GitLab.com melts down after wrong directory deleted, backups fail

  • This also came from Shawn

  • Source-code hub GitLab.com is in meltdown after experiencing data loss as a result of what it has suddenly discovered are ineffectual backups.

  • On Tuesday evening, Pacific Time, the startup issued a sobering series of tweets we’ve listed below. Behind the scenes, a tired sysadmin, working late at night in the Netherlands, had accidentally deleted a directory on the wrong server during a frustrating database replication process: he wiped a folder containing 300GB of live production data that was due to be replicated.

  • Just 4.5GB remained by the time he canceled the rm -rf command. The last potentially viable backup was taken six hours beforehand.

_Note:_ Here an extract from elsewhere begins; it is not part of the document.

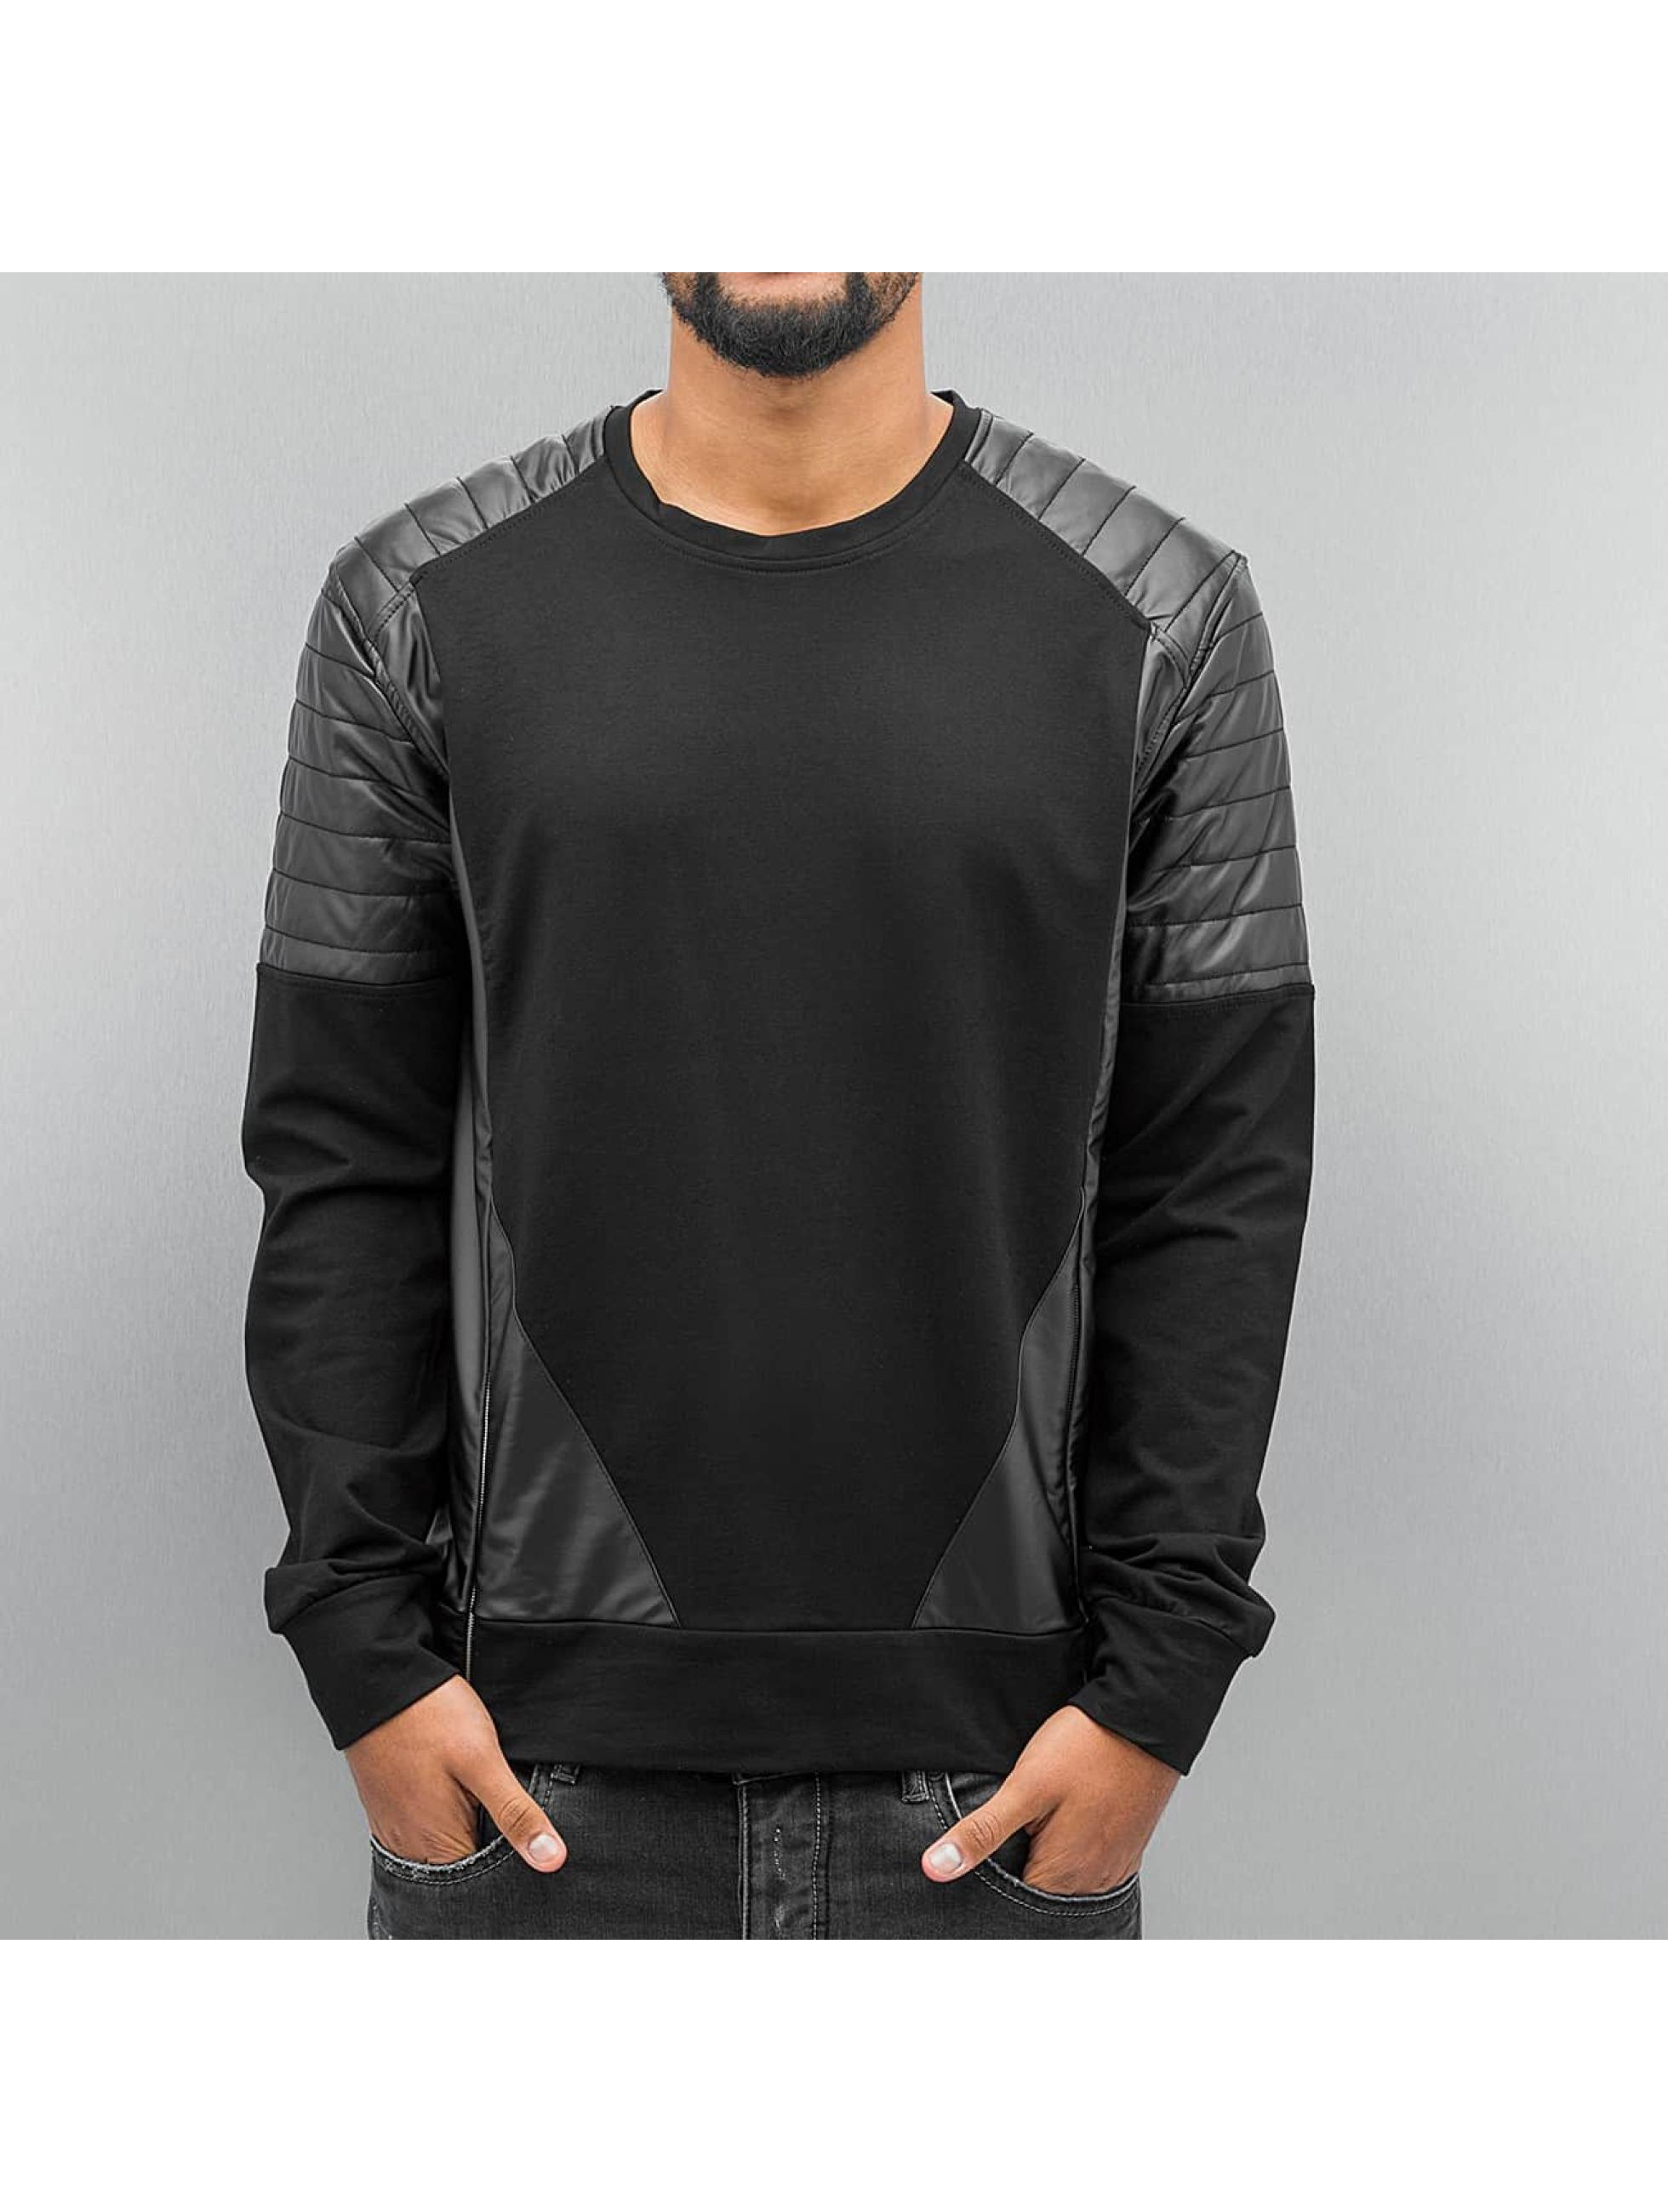 Cipo & Baxx Swetry Sweatshirt czarny
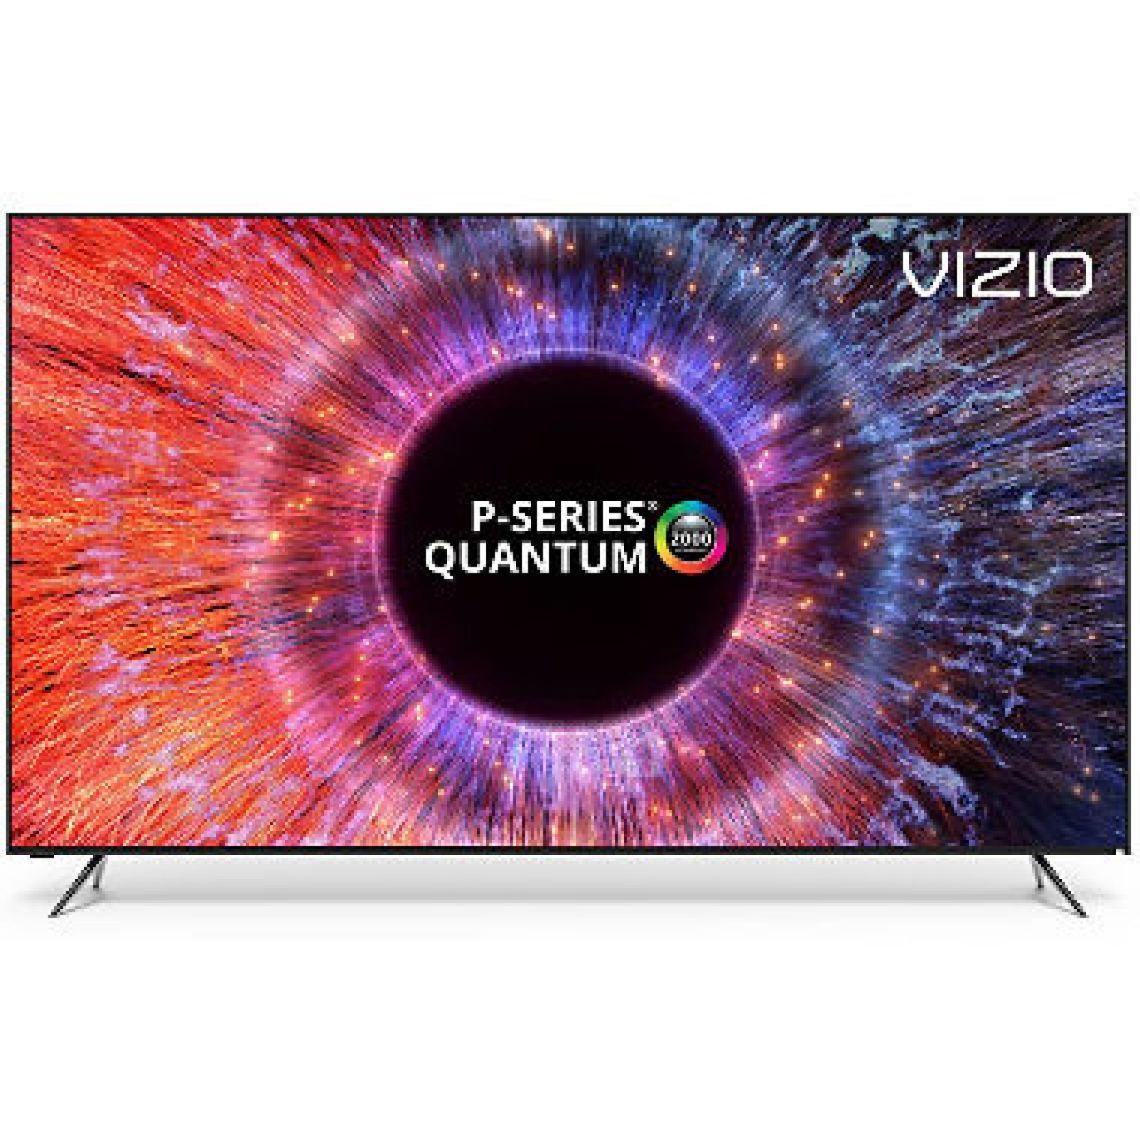 "VIZIO P-Series® Quantum 65"" Class 4K HDR Smart TV - PQ65-F1 - Sam's Club"

  • That Google Doc mentioned in the last tweet notes: “This incident affected the database (including issues and merge requests) but not the git repos (repositories and wikis).”

  • So some solace there for users because not all is lost. But the document concludes with the following:

  • So in other words, out of 5 backup/replication techniques deployed none are working reliably or set up in the first place.

  • The world doesn’t contain enough faces and palms to even begin to offer a reaction to that sentence. Or, perhaps, to summarise the mistakes the startup candidly details as follows:

    • LVM snapshots are by default only taken once every 24 hours. YP happened to run one manually about 6 hours prior to the outage

    • Regular backups seem to also only be taken once per 24 hours, though YP has not yet been able to figure out where they are stored. According to JN these don’t appear to be working, producing files only a few bytes in size.

    • SH: It looks like pg_dump may be failing because PostgreSQL 9.2 binaries are being run instead of 9.6 binaries. This happens because omnibus only uses Pg 9.6 if data/PG_VERSION is set to 9.6, but on workers this file does not exist. As a result it defaults to 9.2, failing silently. No SQL dumps were made as a result. Fog gem may have cleaned out older backups.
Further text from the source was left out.